» WORK TASK
Exclude the images, then return every line below exactly as written.

» DATASET CONTENT
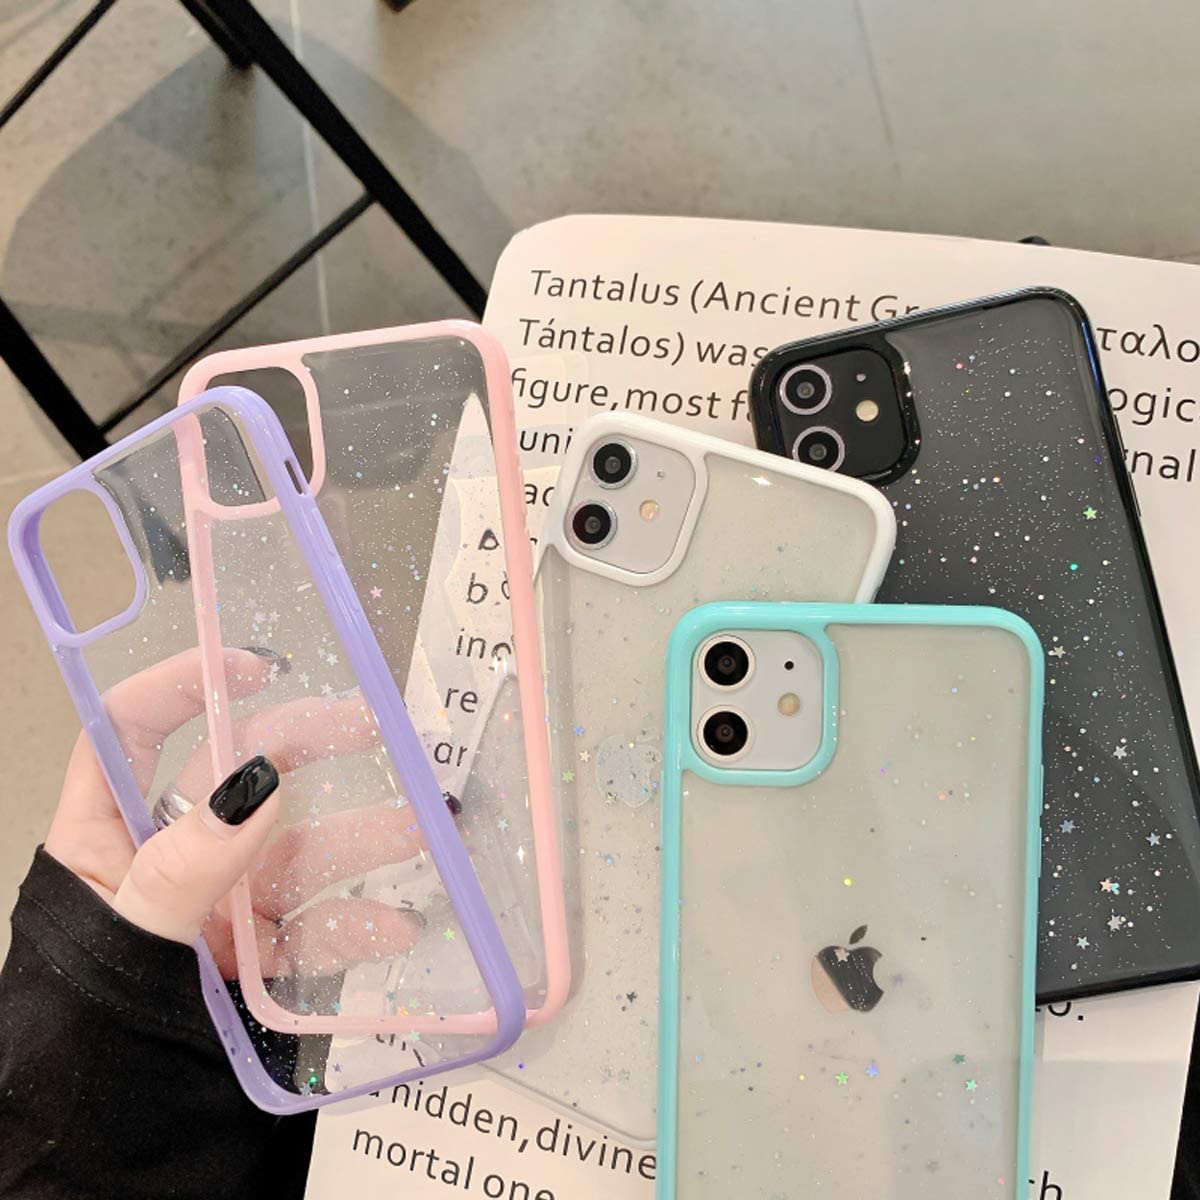 A-One Brand - Bling Star Glitter Skal till iPhone 11 - Rosa
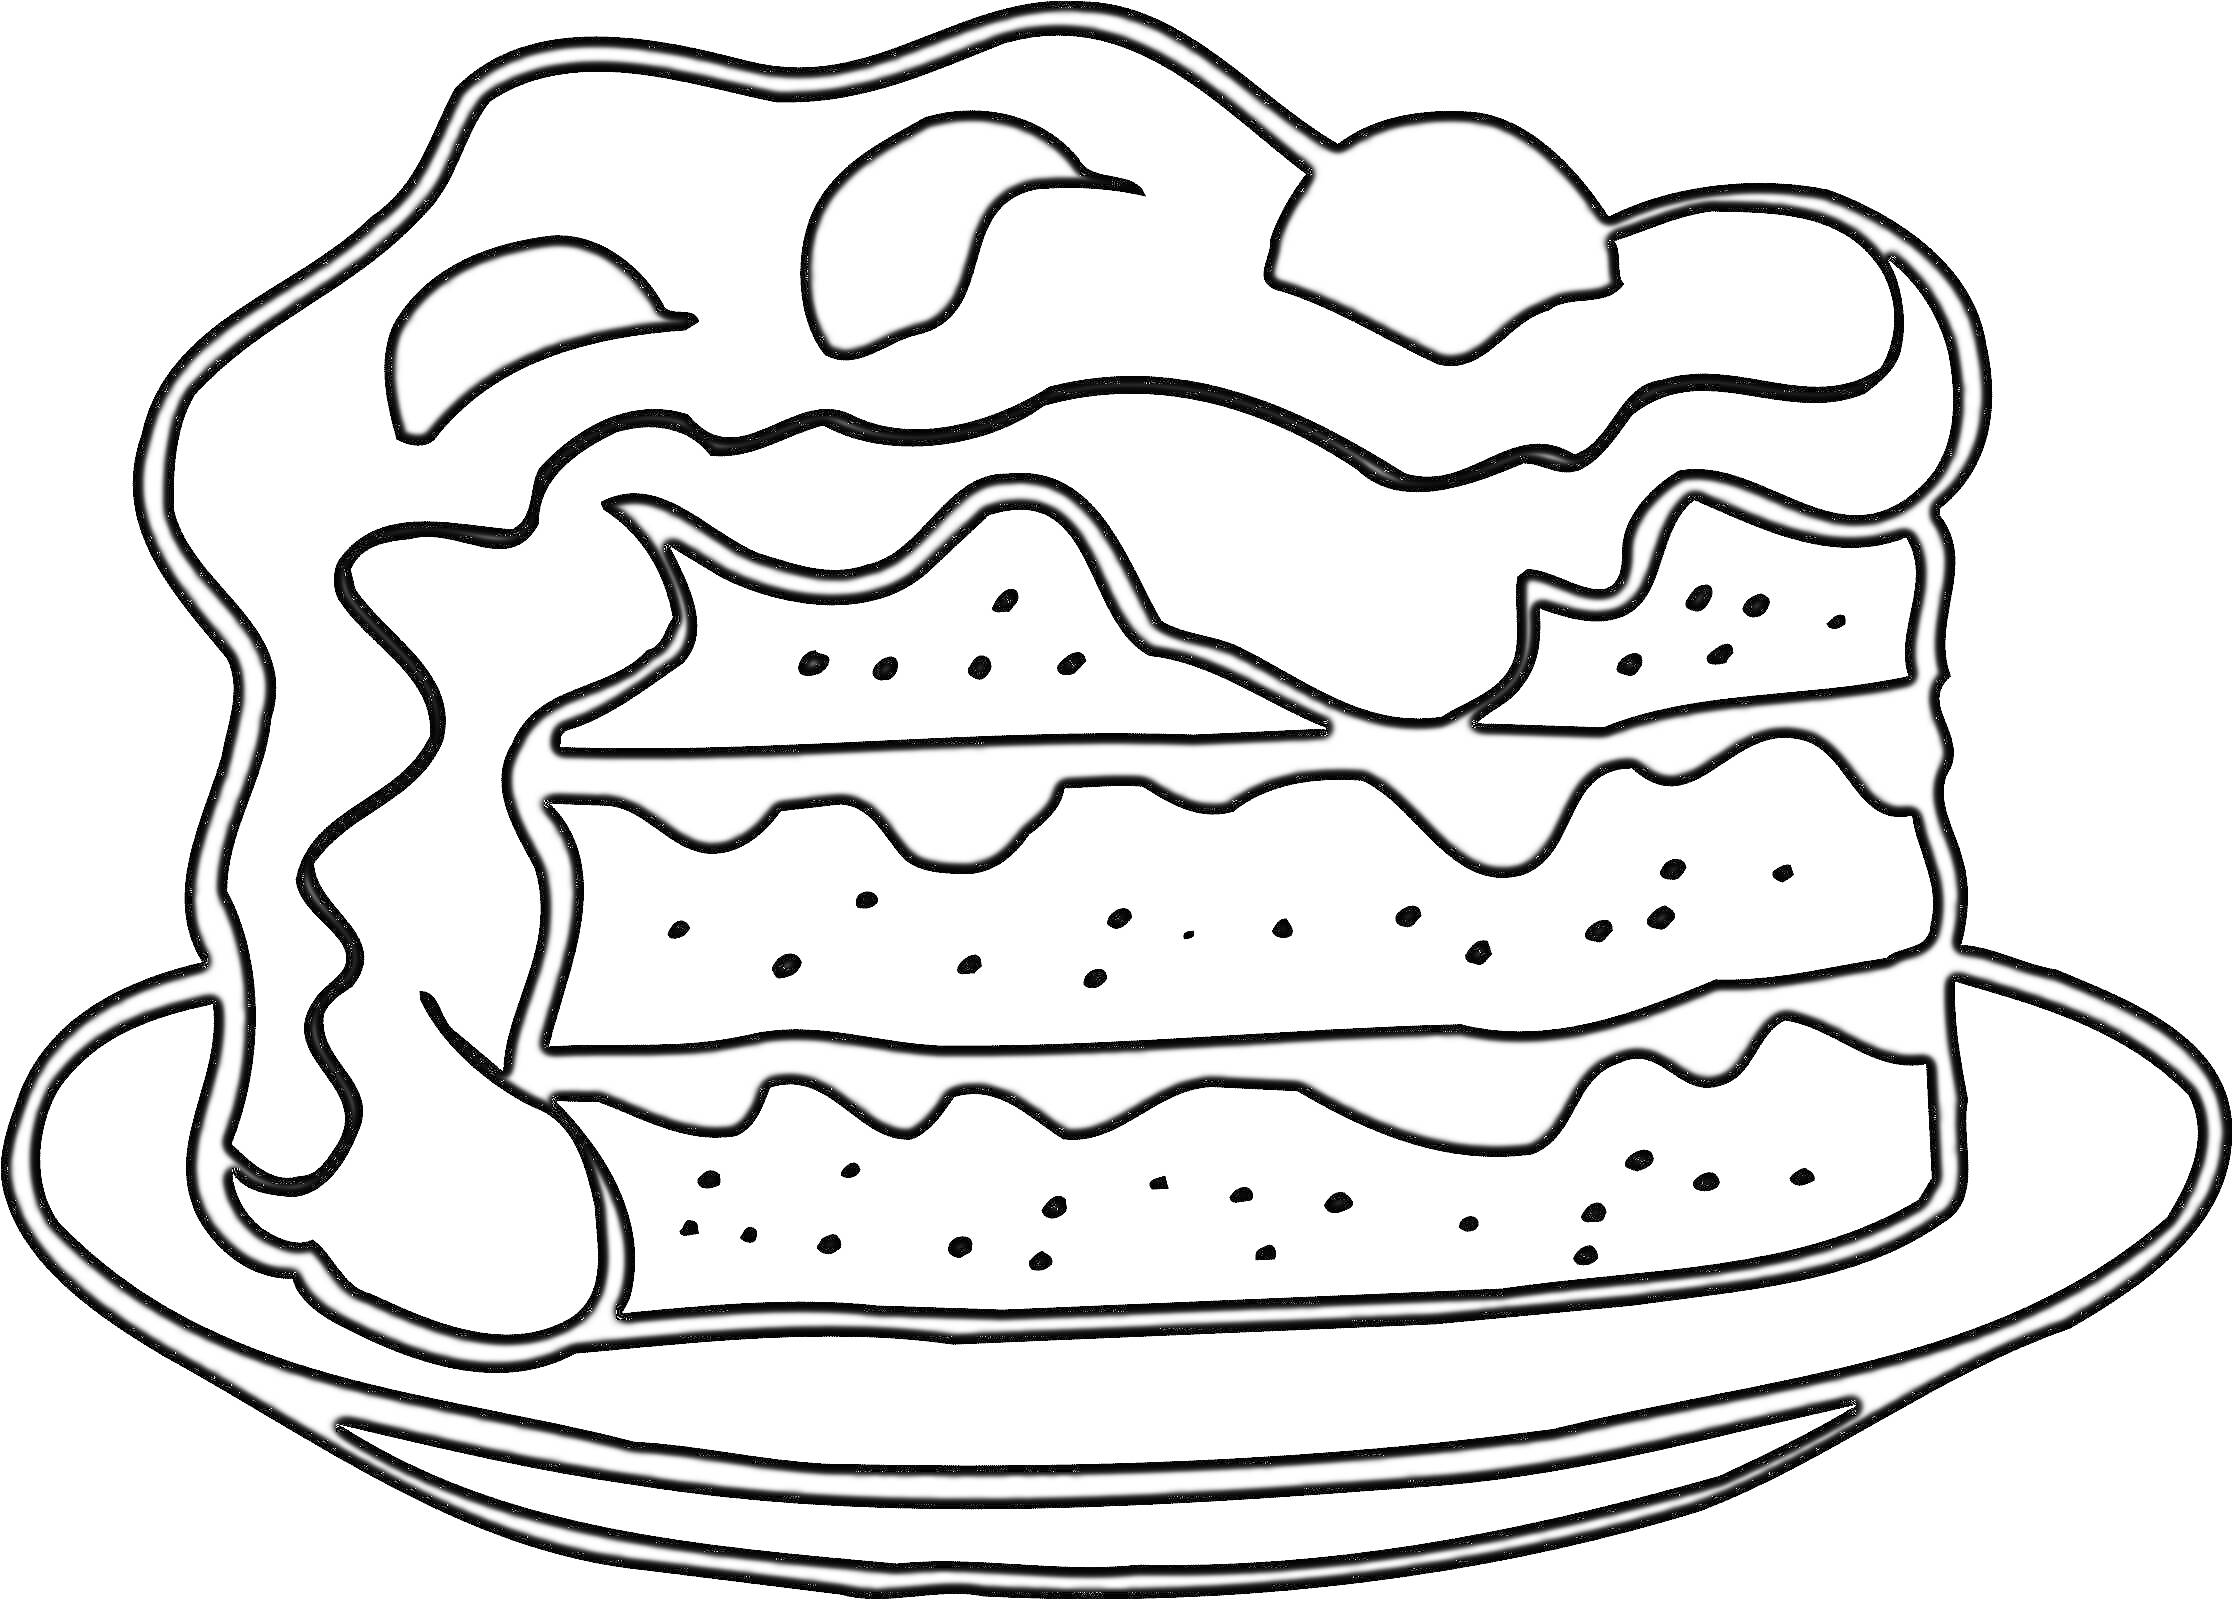 Раскраска Торт с кремом и ягодами на тарелке
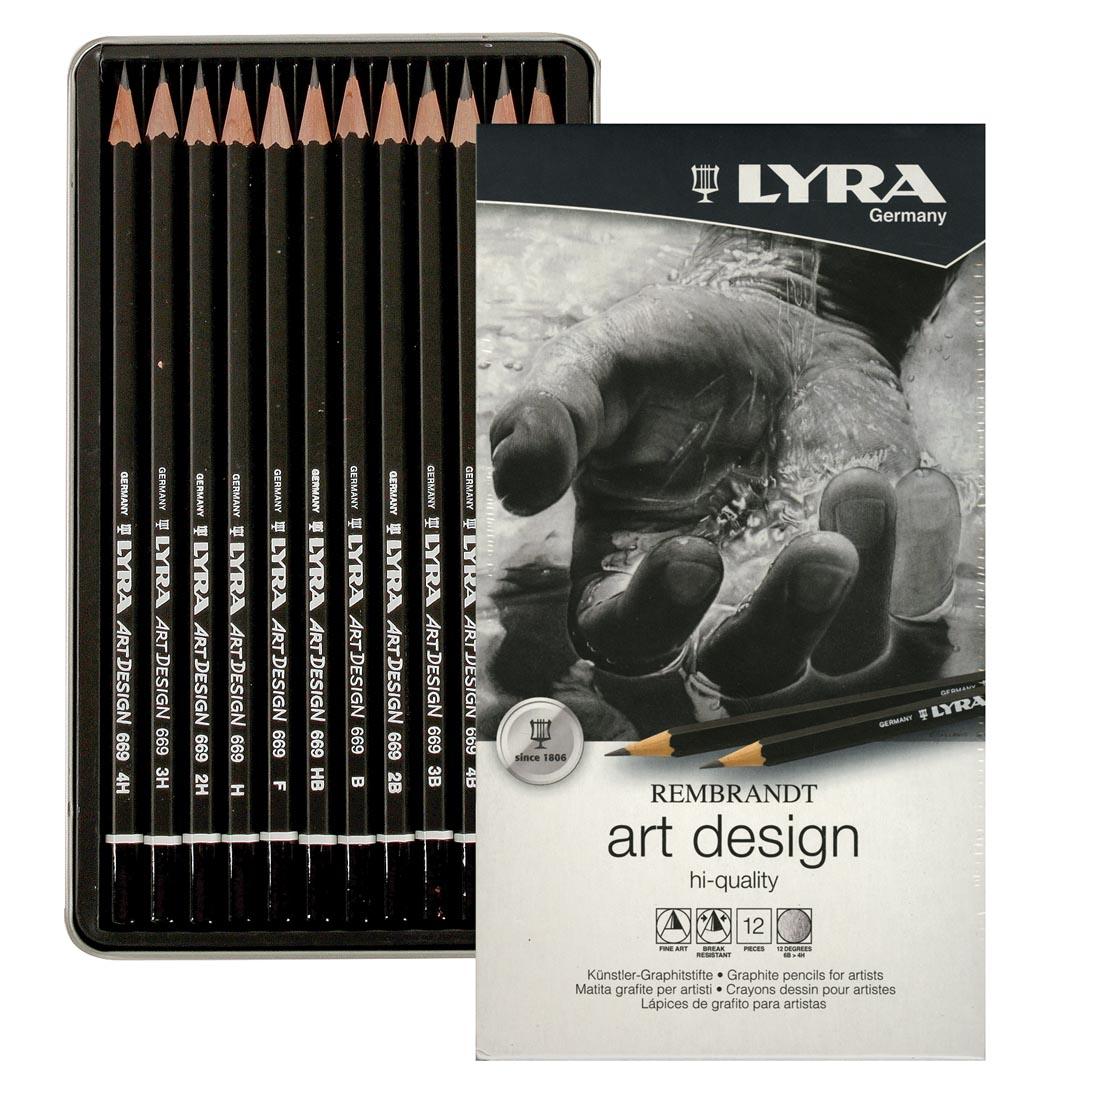 LYRA Rembrandt Art Design Pencils

» ANSWER SPACE
 A-One Brand - Bling Star Glitter Skal till iPhone 11 - Rosa
 Раскраска Торт с кремом и ягодами на тарелке
 LYRA Rembrandt Art Design Pencils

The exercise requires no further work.